Friday, July 22, 2011

Experiences of Food Insecurity

Shifting my focus from policy-related books, I’ve devoted my attention this week towards absorbing information in the academic literature related to experiences of food insecurity. Broadly, I’ve learned that the experience of food insecurity is collectively shared. While I dislike making generalizations across geographic locations and communities, it is easy to see that those facing hunger in the rural communities of Oregon and Appalachia are quite similar in their perceptions of the experience to those we’ve interviewed as part of our Voices of Hunger project.

In De Marco, Thornburn, and Kue’s (2009) analysis of the experiences of the food insecure in rural Oregon, similar contributors to food insecurity were noted, including a lack of health insurance and foregrounded requirements to pay for bills and rent, as well as the administrative hurdles potential recipients face in determining their eligibility for national safety-net programs. I was particularly intrigued by their discussion of the increased difficulties faced by rural food insecure, as this is a dialogue I’ve been interested in joining. The authors note that even when low-income rural residents are able to obtain employment where they live, community resources such as public transportation and child care are often limited. Most jobs in rural communities are not within walking distance, and rural residents without cars are unable to get to them. These factors collectively contribute to the lower incomes that make food insecurity more likely. In addition, rural communities face other conditions contributing to food insecurity, including limited access to supermarkets and limited and highly priced food items. I was also very interested in the response of their participants regarding the stigma associated with using food pantries in rural communities. Particularly, the use of food pantries is difficult for those in small towns due to the lack of anonymity inherent in rural living. Coming from a small town myself, I’ve seen the stigma associated with visiting food banks or accessing food assistance programs, paired with the lack of privacy inherent from living in small towns where one person’s business is everyone’s business, keep needy individuals from accessing services. And even academically, in multiple situations I’ve faced difficulty in describing my interest in rural health disparities with fellow scholars, particularly because many of them feel as though the disparities faced by the urban poor are much more recognizable and thus worthy of study. However, the factors noted above substantiate the need for increased attention paid towards rural populations as well.

Hamilin, Habicht, and Beaudry’s (1999) discussion of the social implications of food insecurity was interesting in its expansion of the existing boundary of how we conceptualize the impact of food insecurity at a societal level.
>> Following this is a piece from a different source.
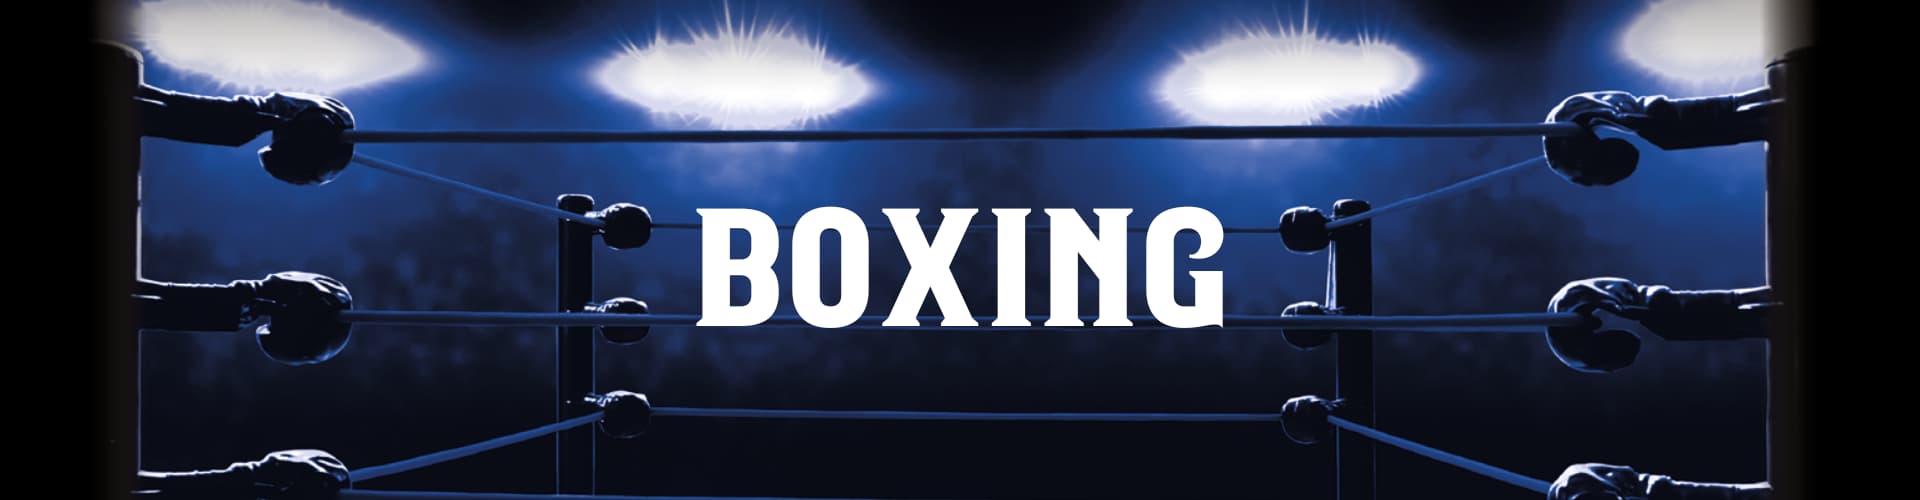 Watch Live Boxing in Cheadle Hulme at The King's Tap Pub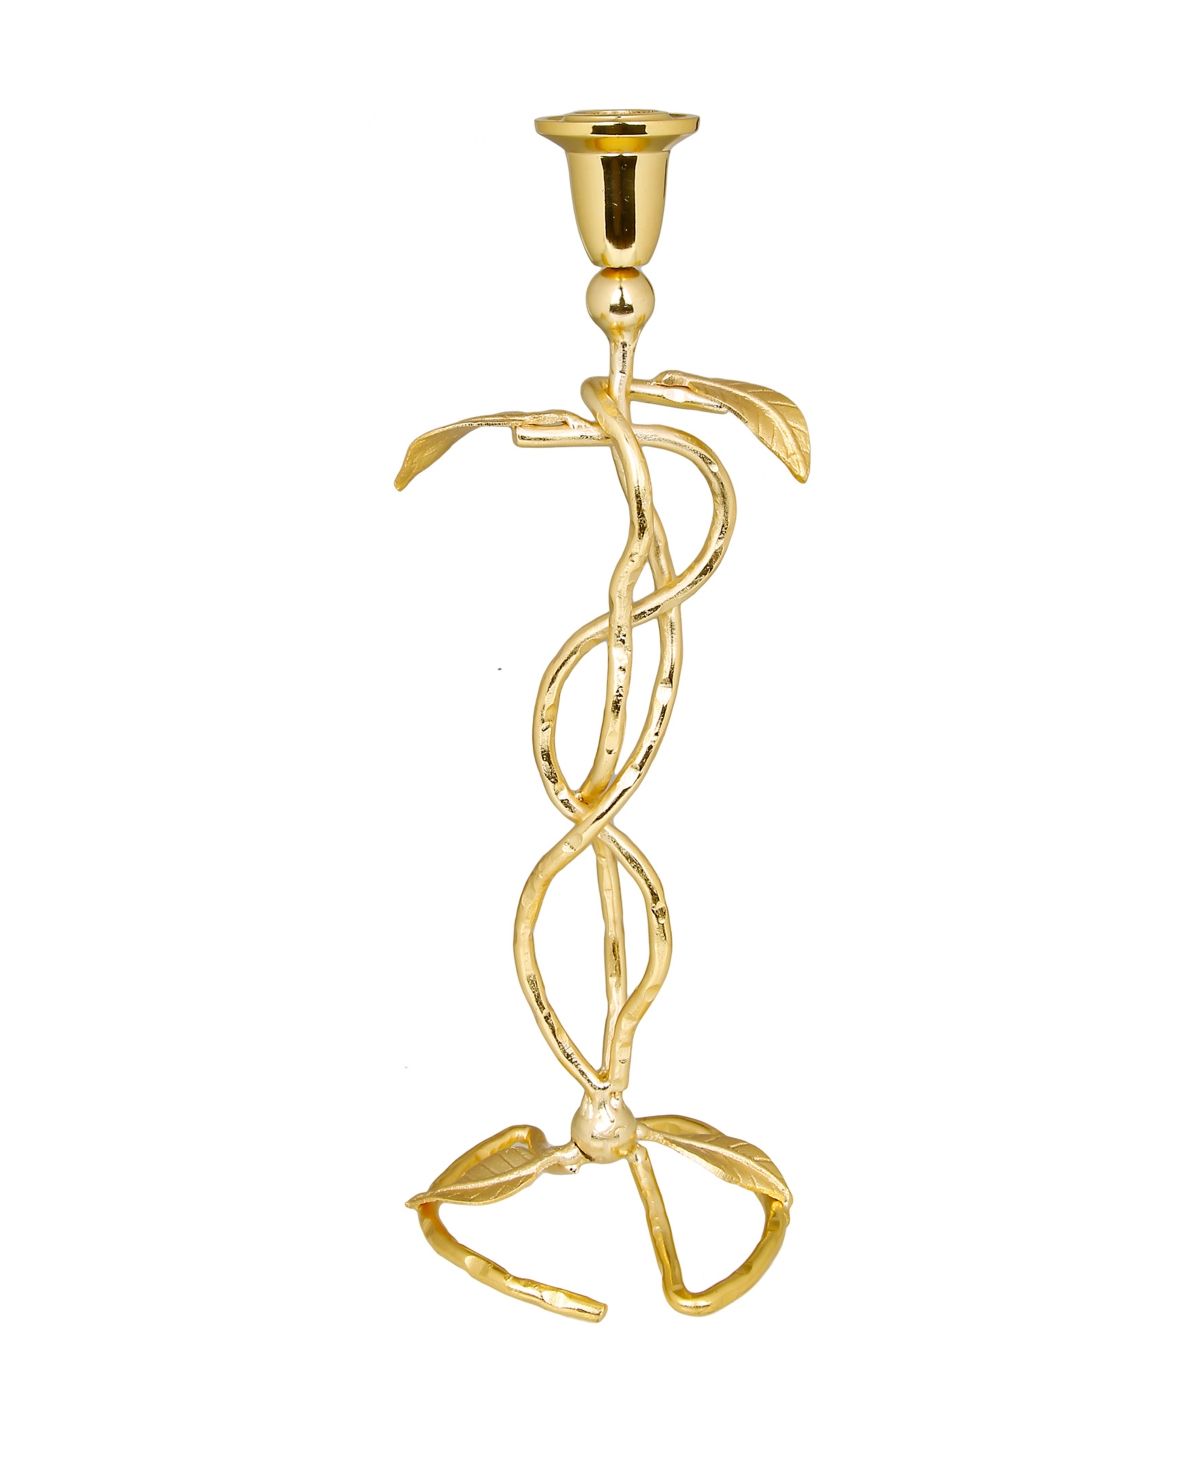 Classic Touch Gold Leaf Designed 12.5" Tall Candlestick | Macys (US)

The authors suggest that social implications of food insecurity include decreased productivity, an inability for educational attainment, increased powerlessness, increased need for healthcare, decreased constructive participation in social life, and an erosion of transfer of knowledge to the next generation. Considering these implications, I’m left questioning why we (mainstream media, public and academic discourse) fail to frame the food insecurity crisis in such broad context? Failure to do so, focusing only on the proximal impact of food insecurity (and sometimes not even that), seems to maintain a culture of discouraged support for broad social policy change.

Finally, I was most impressed by Hamilin, Mercier, and Bedard (2010)’s analysis of the perceptions of both food insecure households in Canada and community stakeholders involved in food insecurity projects. Juxtaposing the responses of the food insecure against those who volunteer and coordinate food assistance programs clearly substantiated the need for better administrative coordination of food insecurity services. And, ultimately, it was extremely disheartening to see how far public perceptions of food insecurity are from its lived reality. For instance, stakeholders largely misperceived that households wouldn’t have much concern for the nutritional quality of food they received from food pantries. Additionally, most households reported at least one positive influencing factor with regards to food security and healthy management practices in terms of assets and food. However, less than half of the stakeholders remarked that households possessed either one of these elements. These divergences are of great concern. As the author’s suggested, “It has already been observed that many food assistance staff strongly believed that households would go hungry if not for food donations; this perception could make them dissociate themselves from the needs of their clients, and even poor quality food would then be considered as necessary donations.”

It was also troubling to see that a majority of the community stakeholders had no prior experience with food insecurity. Their knowledge about food insecurity would therefore come from other sources. Community workers had the opportunity to make many direct contacts with food-insecure households, but managers and donor agency representatives relied on indirect information via field workers’ perceptions, reports from their organization, or published literature on food security. This is particuarly troubling considering that these individuals are often those most responsible for the administrative and sustained success of local food assistance programs. Perhaps encouraging interaction between the food insecurity and food assistance workers at all levels would aid in promoting a better understanding of food insecurity. A community-based approach that includes the food insecure’s own perceptions of the problem would be useful here, especially to work towards empowerment and perhaps alleviation of food insecurity problems in place of continued reinforcement of reliance on the food assistance system.